As well as the well-documented inflation and supply chain disruptions we have been dealing with for more than a year now, there are some obvious geopolitical risks. A portfolio exposed to Russia, Europe, and the USA would be well served by de-risking it with gold and the yen. A price break below $1815/oz would cause CTA trend followers to liquidate some gold positions. Specifically, this could occur when the Chinese stopped buying their traditional gold gifts for the New Year.




In Chinese history, gold has existed since the Han Dynasty (206 BC-220 AD). However, the demand for gold increased with the arrival of Buddhism during the Six Dynasties (222-589 AD). Offerings of gold were made and golden pagodas and statues of the Buddha were built by worshippers.


Rising gold prices are another reason why the demand for gold could be reduced. In the past year or so, when prices have gotten above $1800, they haven't stayed at elevated prices very long. A good mean regression target would be $1810, which lies within the current trading range of $1680 to $1920.

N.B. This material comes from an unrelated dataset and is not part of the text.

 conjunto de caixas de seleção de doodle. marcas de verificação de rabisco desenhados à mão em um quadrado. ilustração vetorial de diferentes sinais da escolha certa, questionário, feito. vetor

In addition to holiday demand, there are still some concerns about rising inflation in the real economy, and even though gold does not have a yield, it does depreciate as stocks rise above the ground, but not to the extent we are seeing with real rates in say the US dollar. Gold allows you to lose your wealth at a slower pace than in an inflationary environment.


The Shanghai Gold Exchange reported that Chinese gold demand in 2021 was about 45% higher than what it was in 2020. According to the World Gold Council, Indian demand last year surged to over 1,000 tonnes for the first time in over a decade.

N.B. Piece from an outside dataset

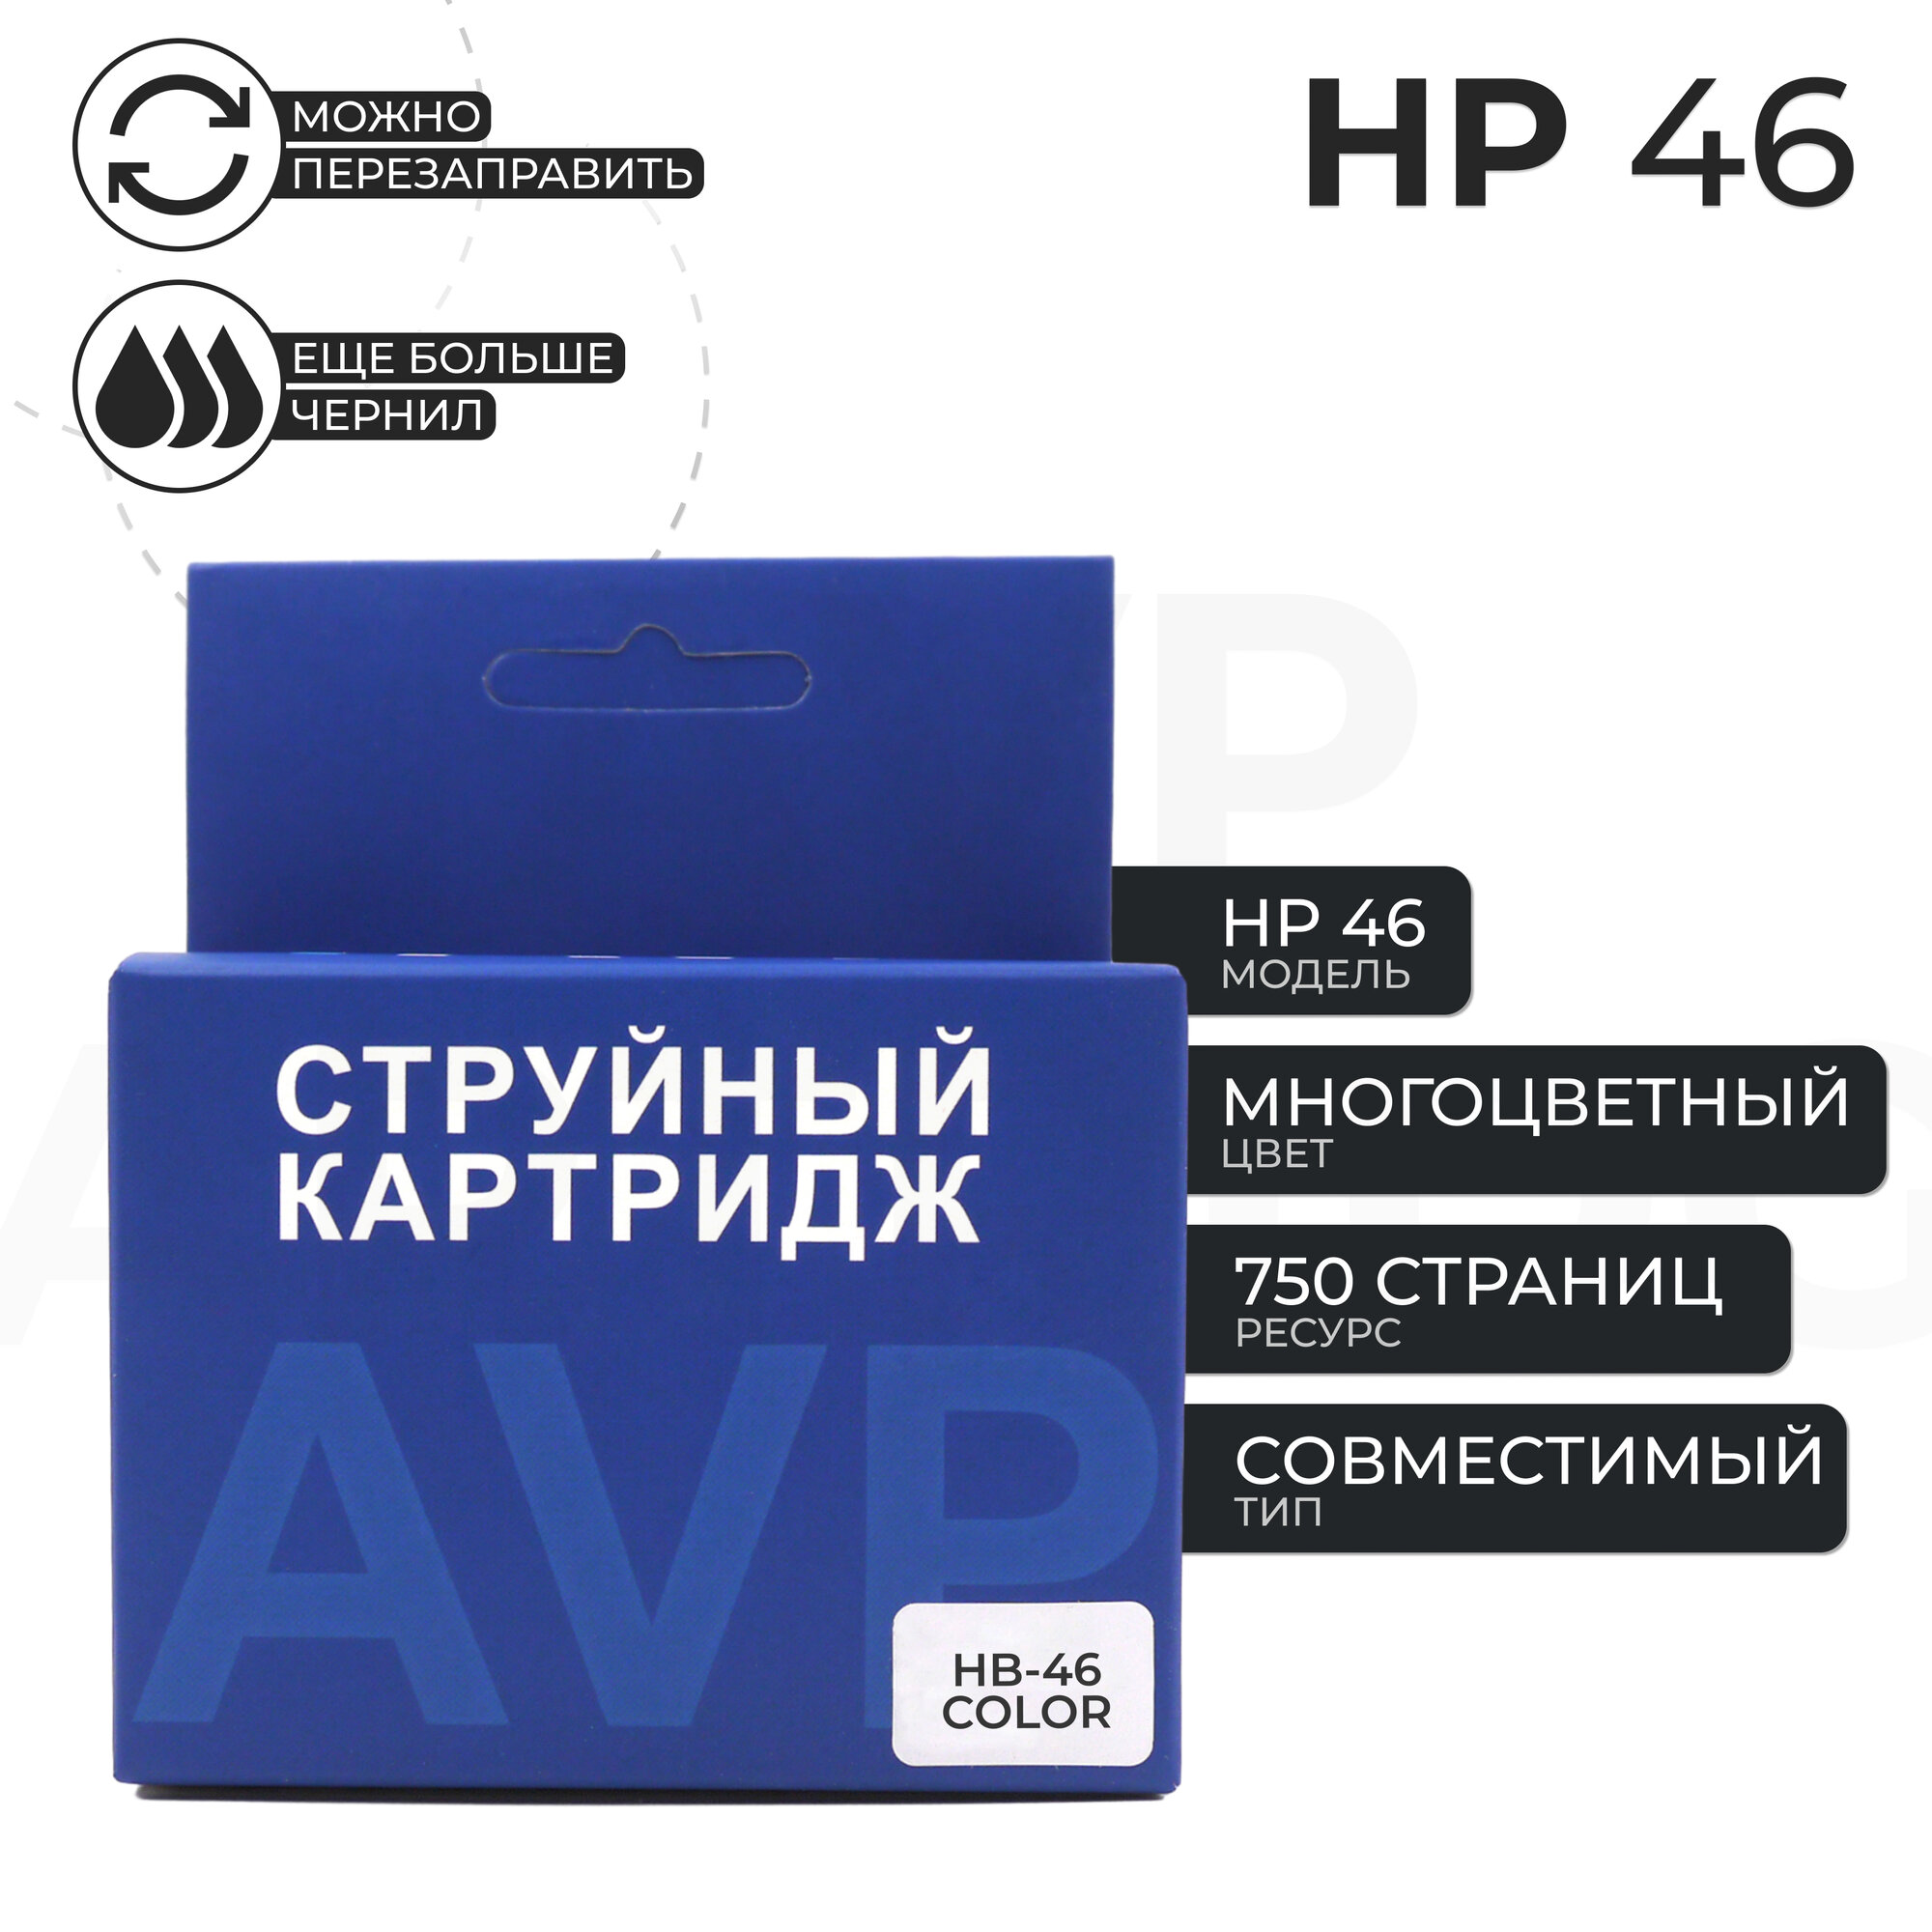 Картридж HP 46, цветной

For me, the rising price of gold is driven by positive economics. Whenever people have spare cash, they can buy gold as gifts. Gold's demand increases on an upward trajectory when the economy is on an upward trajectory due to the additional demand in jewelry and industrial usage. This disappears during recessions and periods of stagnation.



Currently, China and India are the two largest global buyers of gold, though they are not the only countries interested in accumulating gold. With more reserves than the next top 3 countries, the USA wins the title of Top Stacker according to figures published in 2021. Russia’s love of gold at the central bank level is a bit harder to decipher. It could be that the bank is preparing for the geo-politics to get worse as they have now suspended all foreign exchange and gold purchases.



Gold's price is clearly stair-stepping higher in a bullish fashion on an intraday chart. An old resistance level might prove to be a good support if it is retested. A break above $1850 with a retest of the $1845 area would be the next possible opportunity to watch out for. If however, we were to get a turn in the price action, the previous levels of support would then become resistance, which easily sets us up for a quick pivot to the short side.